Кончать надо, кончать... Хватит сквозь медицинскую комиссию на брюхе по-пластунски проползать.
... Только я помидорчик из банки выудил, слышу, Надежда у двери скребется. Дом новый, все дверные коробки наперекосяк: замок врежешь, все совместишь с минимальным допуском, а через месяц дверь не открыть. То ли косяки пересохли и покоробились, то ли, как говррят, действительно дом «осадку дает». Вот и стоишь иногда на лестнице час целый и в собственную квартиру попасть не можешь.
Пошел открывать.
– Не мучайся, – говорю. – Сейчас открою.
Потянул ригель в сторону, и дверь открылась. Стоит Надежда с авоськами. Улыбается.
– Спал? – спрашивает.
– Ладно тебе... – говорю. – Давай кошелки. Сказать не могла, что ли? Таскаешь такие тяжести...
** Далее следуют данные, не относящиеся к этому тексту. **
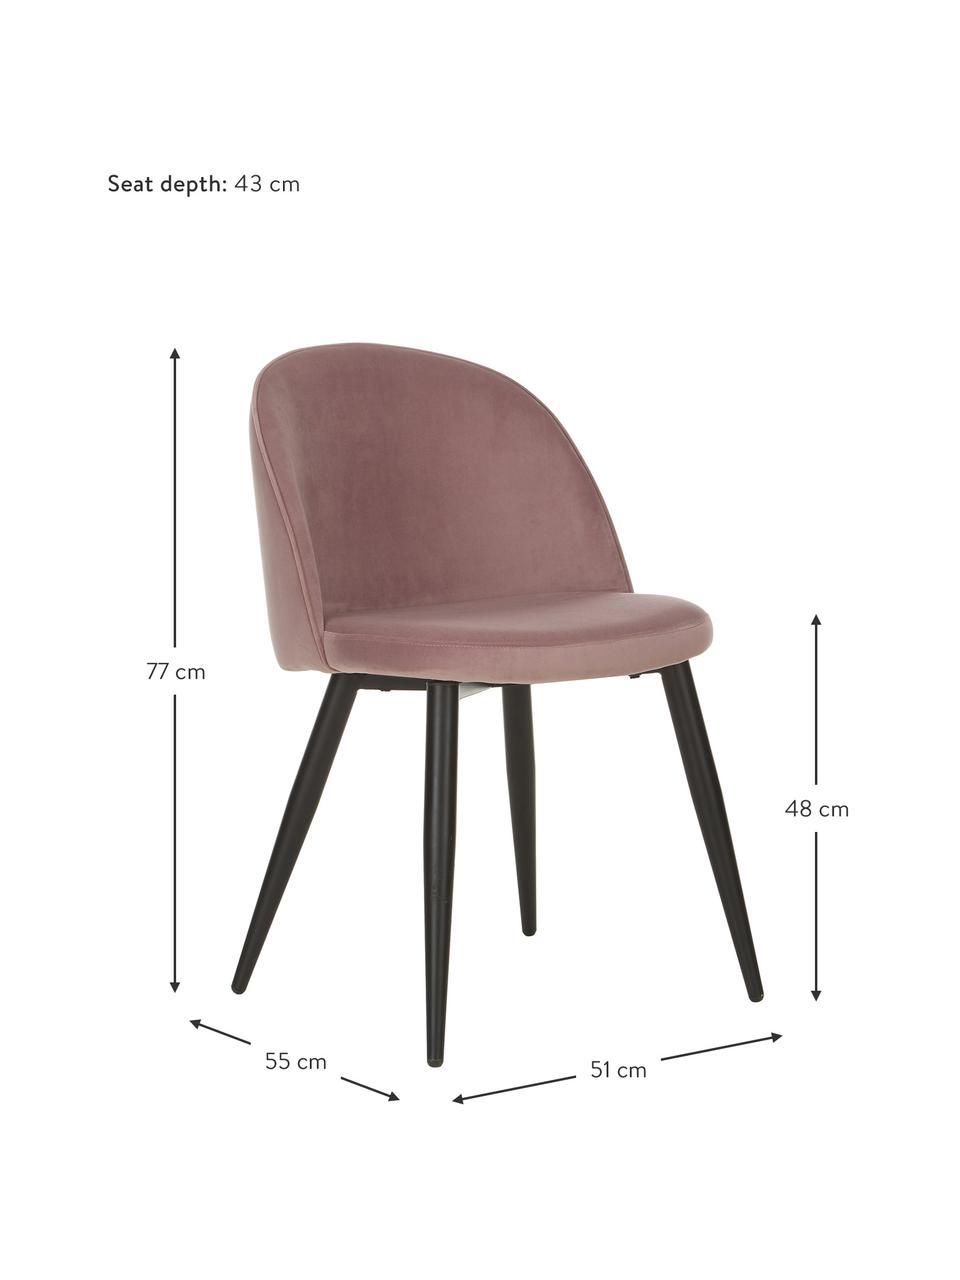 Krzesło tapicerowane z aksamitu Amy, 2 szt., Tapicerka: aksamit (poliester) Dzięk, Nogi: metal malowany proszkowo, Blady różowy, S 51 x G 55 cm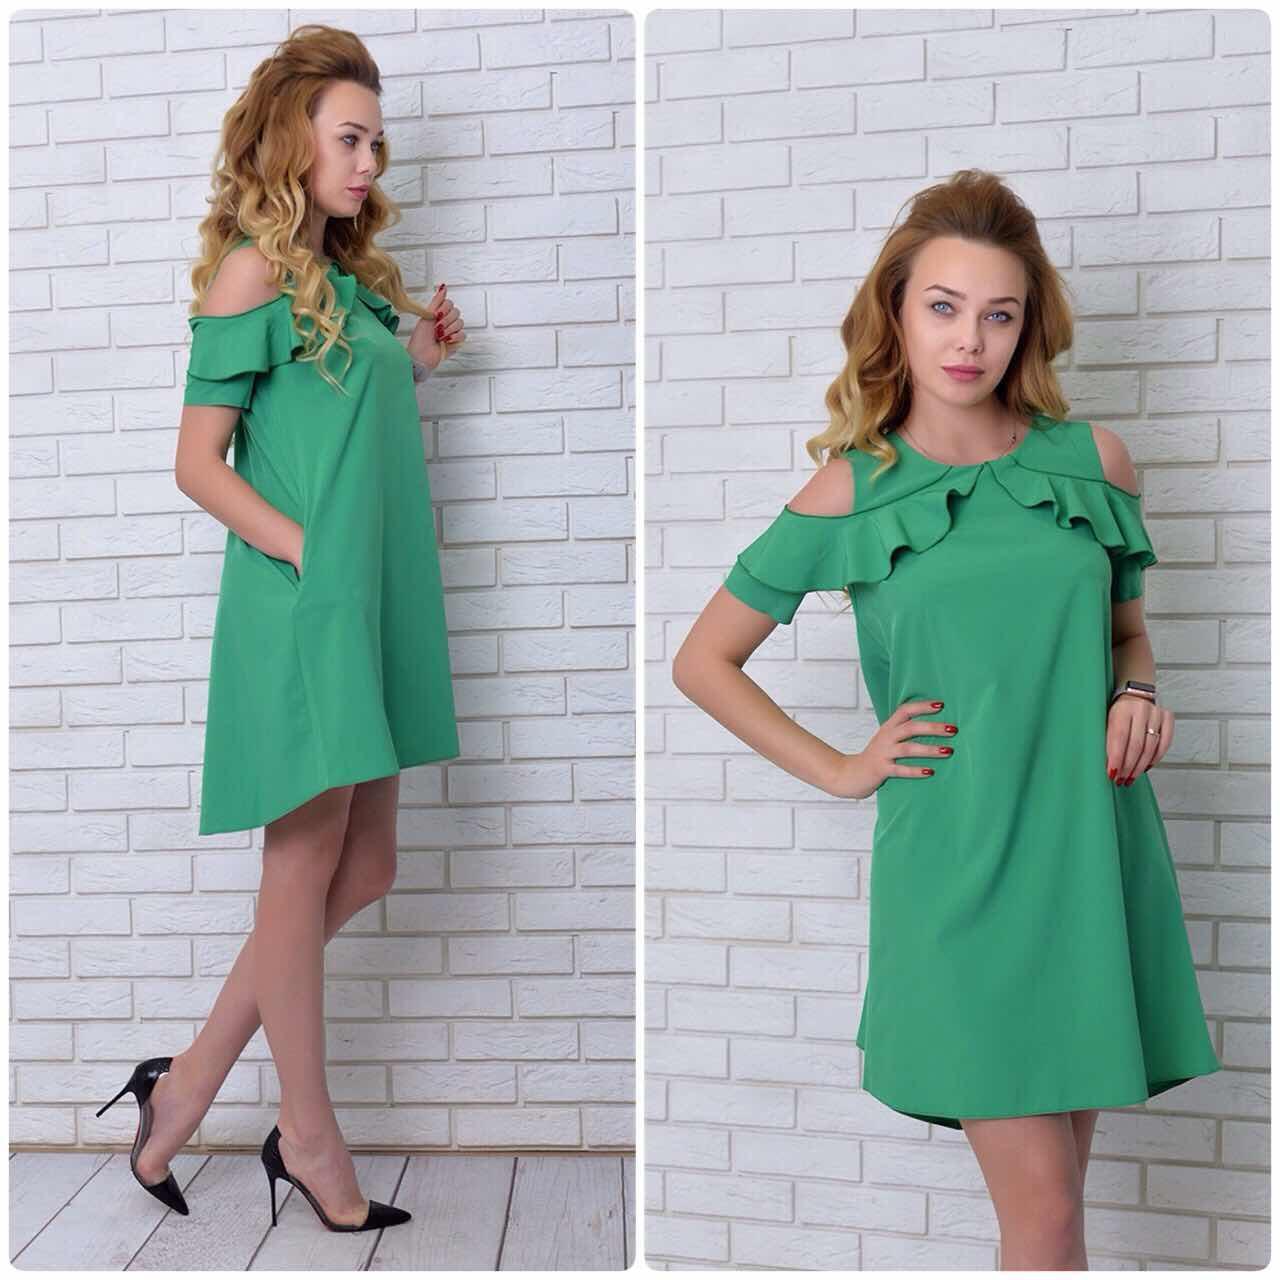 Сукня, модель 785, колір - зелений

И тут она меня поцеловала.
Пошел я, конечно, приготовил ей ужин, накормил. И сам с ней поел. «Маленькую» допивать не стал. Заткнул и поставил в холодильник. Вроде она мне уже стала и ни к чему.
– Заниматься сегодня будем? – спрашивает Надя.
– А как же! – говорю. – Иди таблицу повесь.
Она с места не тронулась и так осторожно меня спрашивает:
– Может, тебе в диспетчерскую перейти?
– Иди, – говорю, – вешай таблицу.
Она прошла в комнату и вытащила из-за шкафа свернутую в рулон таблицу. Раскатала ее и повесила на стенку.
Это таблица проверки зрения. Точно такая же, какие обычно висят в кабинетах глазных врачей. «Где же указка?» – думаю. Захожу в комнату и спрашиваю:
– Надюш, ты не помнишь, куда я в прошлый раз указку засунул?
– Здесь у меня указка, здесь... – говорит. – Ставь лампу.
И как-то она это сказала, что мне даже вроде не по себе стало. Ладно, думаю. Промолчим. Она тоже, слава Господу, не железная...
Поставил я настольную лампу так, чтобы она освещала только таблицу и оставляла в тени всю противоположную сторону комнаты.
– Хорош?
– Хорош... – говорит. И вдруг так раздраженно и нервно спрашивает меня: – Я вот что хочу знать: понимаешь ли ты, что вечно так продолжаться не может? Ну обманул ты прошлую комиссию... Ну черт с тобой, обмани еще одну!.. А дальше?
– Ладно тебе... – говорю. А сам думаю: «А верно, что дальше-то?..»
– Мне-то ладно... – говорит она. – Не криво? Посмотри оттуда.
Я посмотрел и говорю:
– Нормально.
– Ставь стул, – говорит. – Садись.
Я сел. А она снова:
– Так что будет дальше?
Ну тут, честно говоря, я не выдержал! И как рявкнул:
– Я тридцать лет отлетал! Что ты мне прикажешь делать?! Клубникой на рынке торговать?.. Я летать должен! Летать! Я летчик...
– Летчик, летчик... Самый лучший, самый смелый, самый опытный. Что там еще про тебя по праздникам говорят? Не помнишь?
Тут я даже растерялся... Ну надо же такое сморозить!..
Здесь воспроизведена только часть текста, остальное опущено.